Raw data:
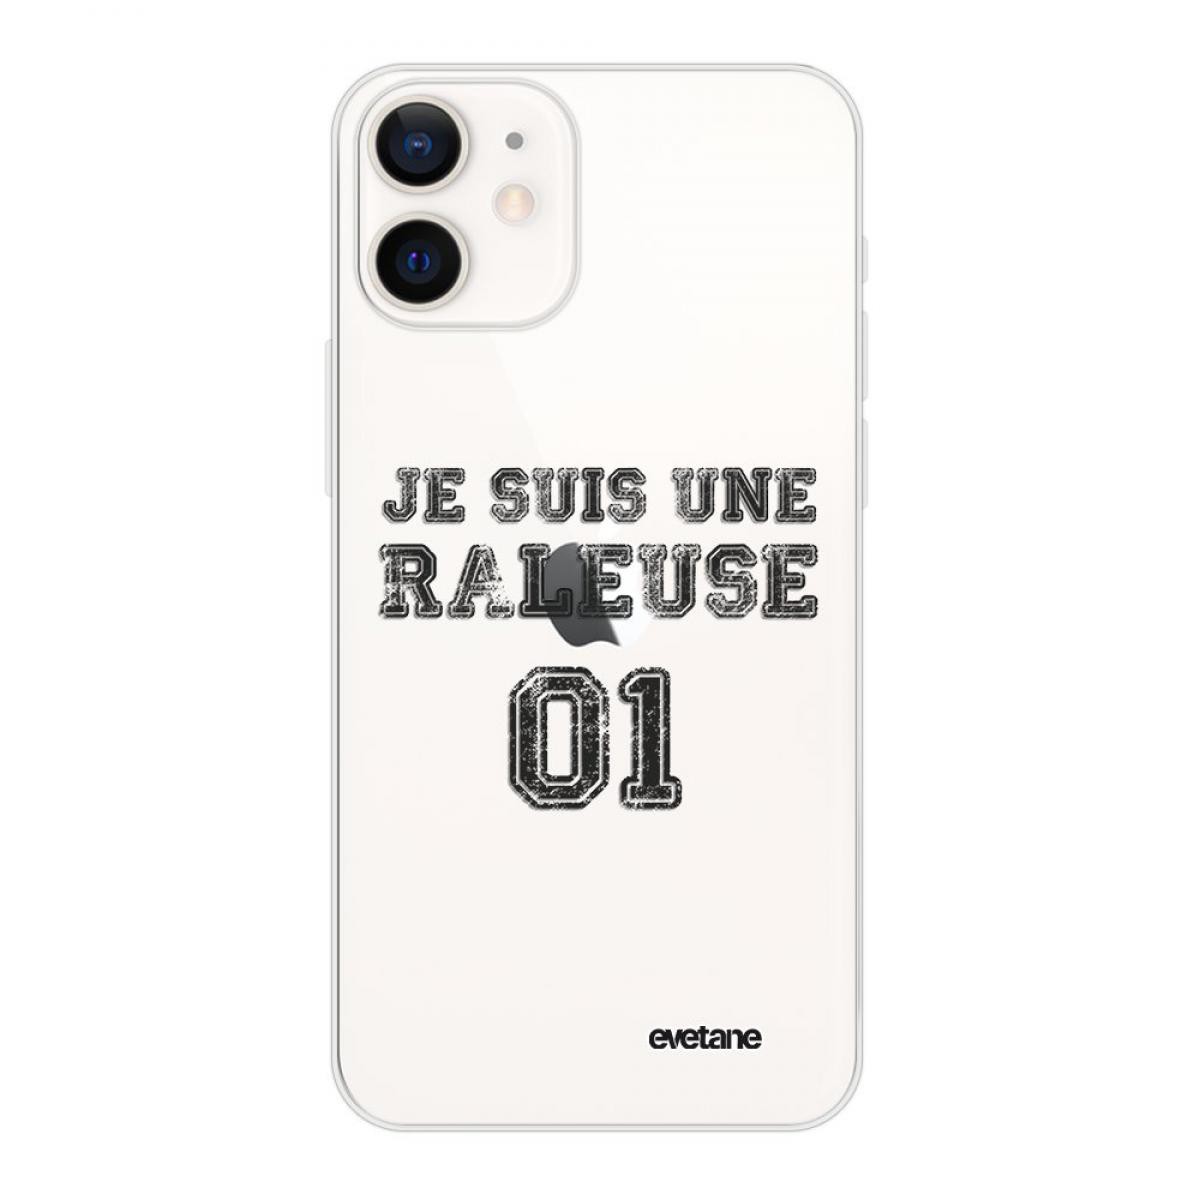 Evetane - Coque iPhone 12 mini souple transparente Râleuse Motif Ecriture Tendance Evetane - Coque, étui smartphone
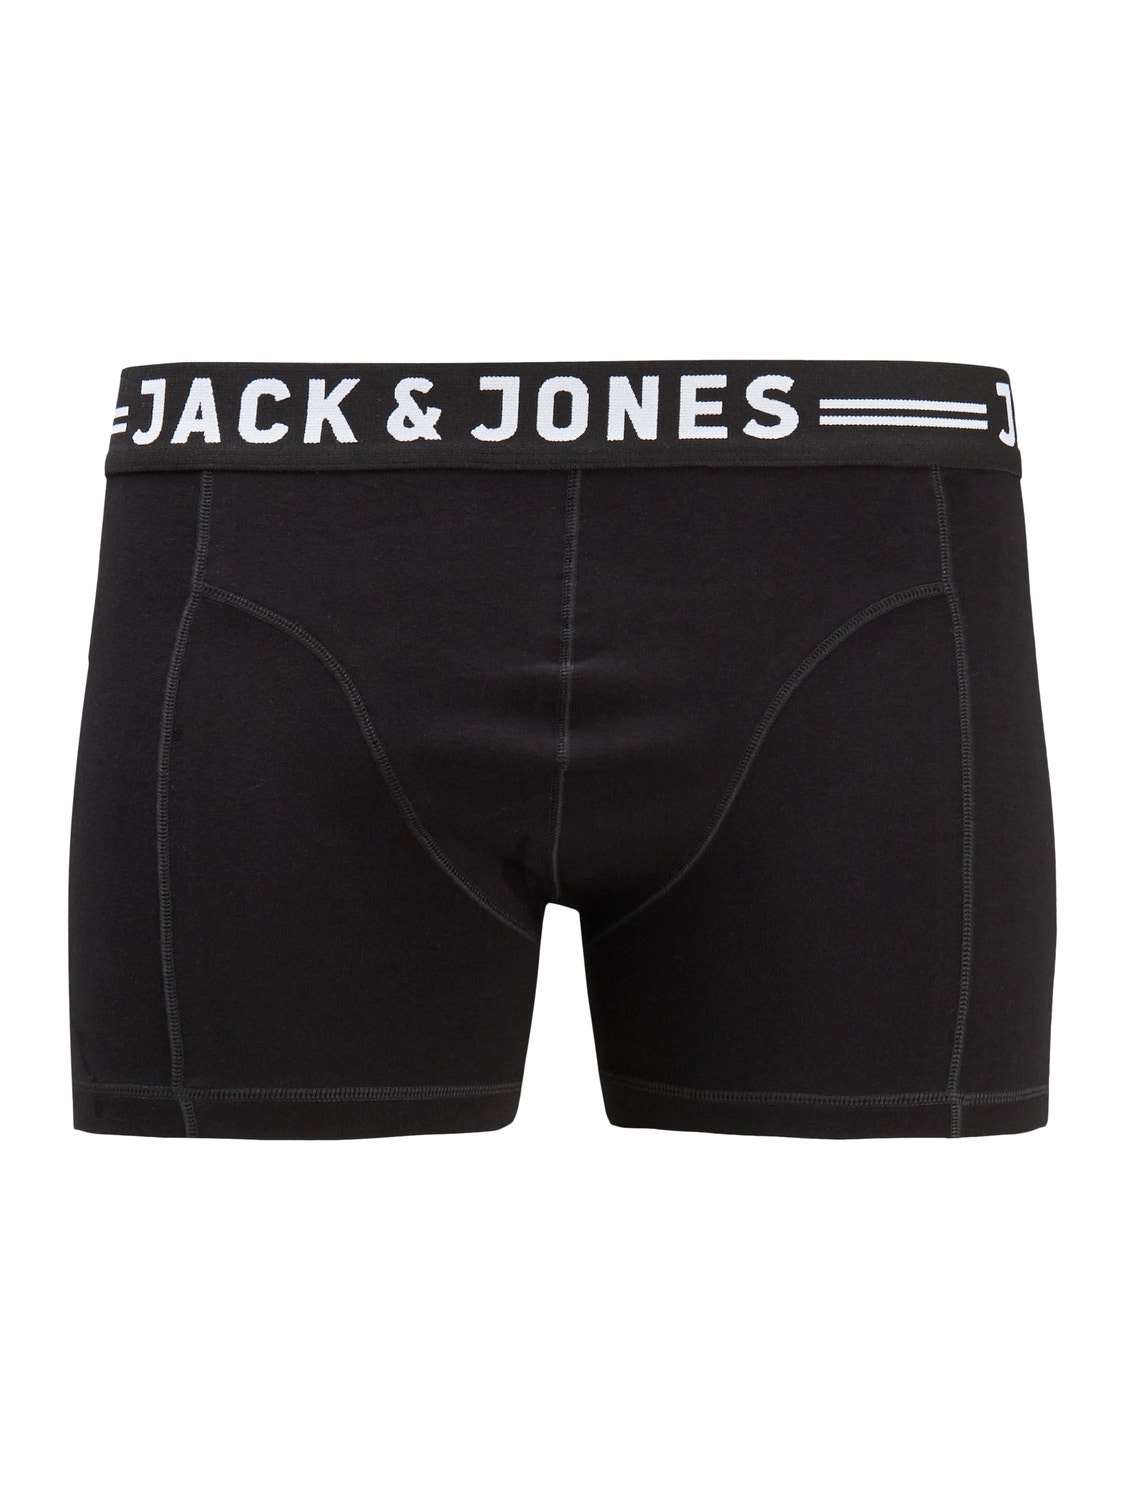 Jack & Jones Plus Size Paquete de 3 Boxers -Black - 12147591
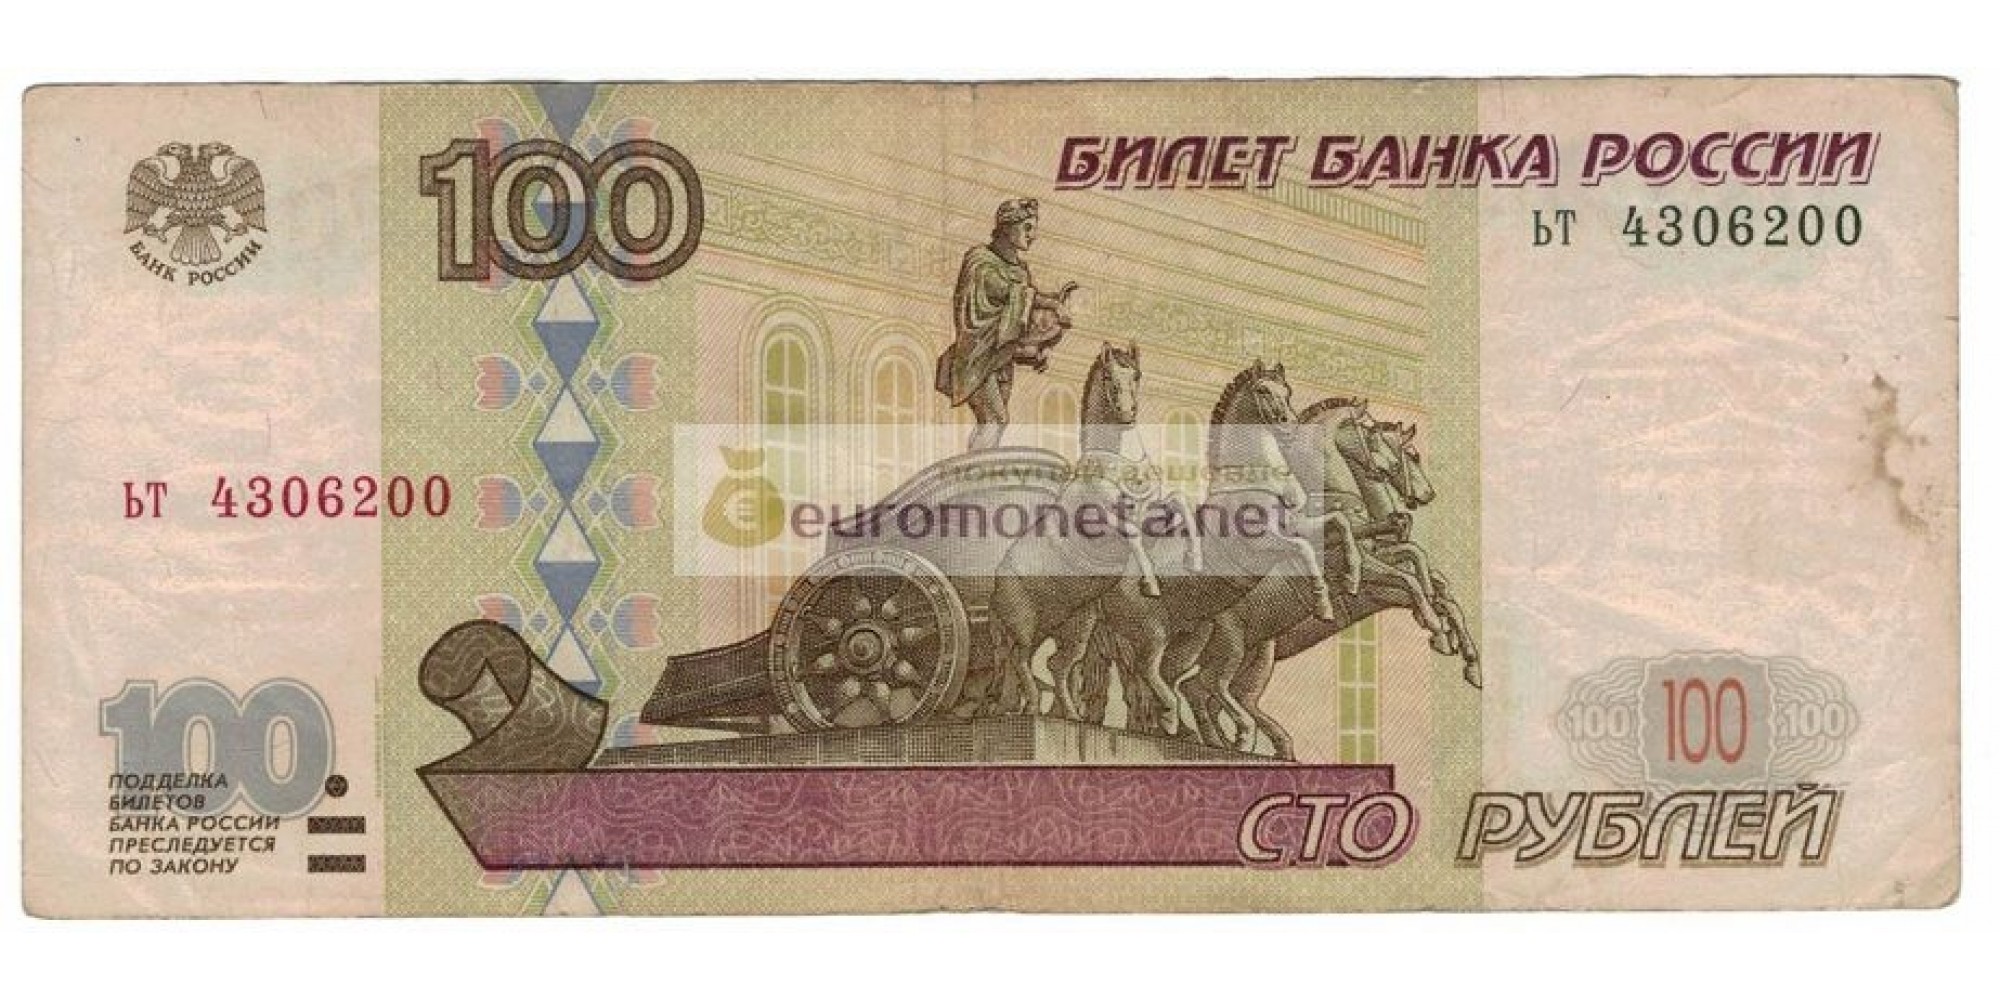 Россия 100 рублей 1997 год модификация 2001 год серия ьт 4306200
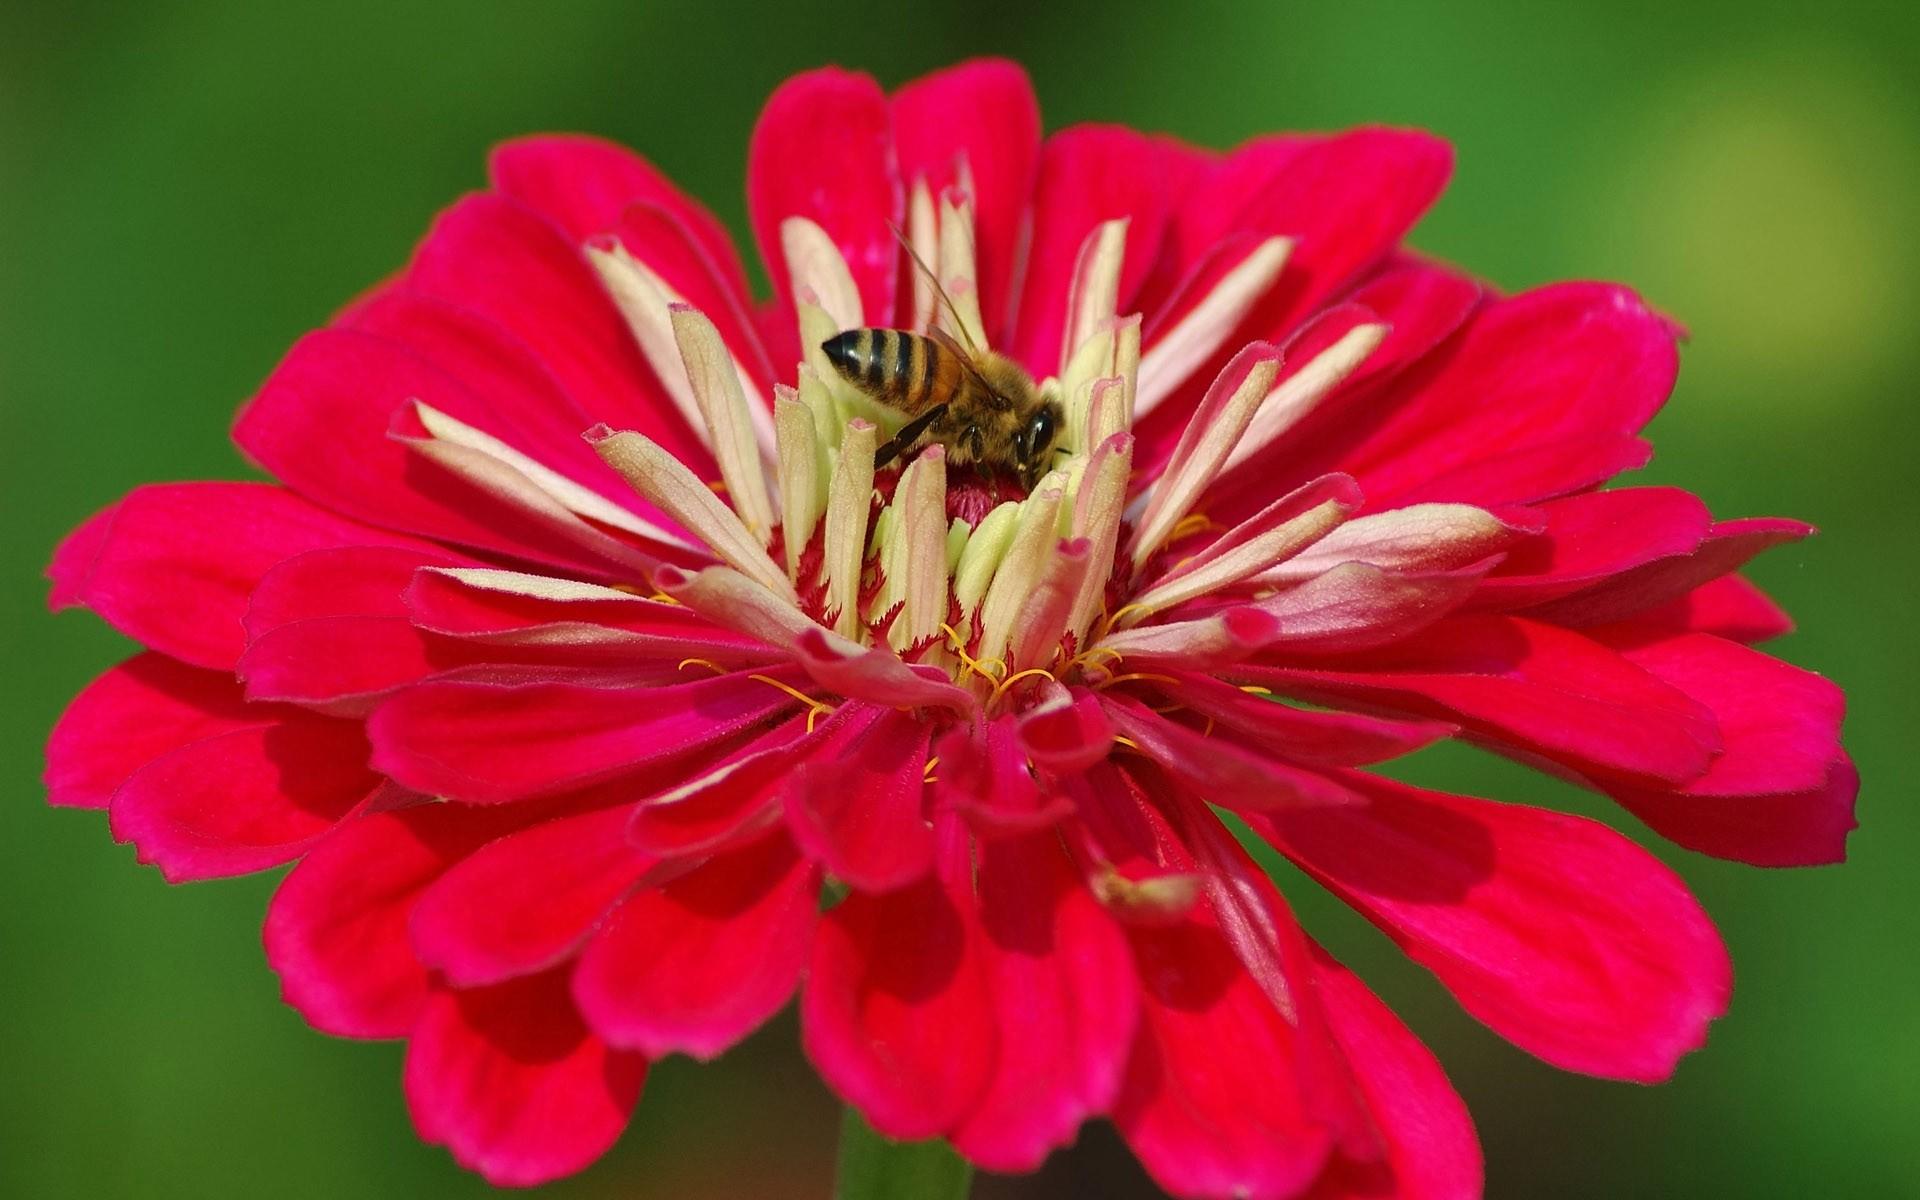 高清蜜蜂采蜜时拍摄的图片大全6

Work required:
Where the line holding "Jack & Jones" appears, start copying, and continue exactly through the last line of the listing, both ends included, skipping the pictures.

Solution for this problem:
 Jack & Jones Plus Size Paquete de 3 Boxers -Black - 12147591
 Россия 100 рублей 1997 год модификация 2001 год серия ьт 4306200
 高清蜜蜂采蜜时拍摄的图片大全6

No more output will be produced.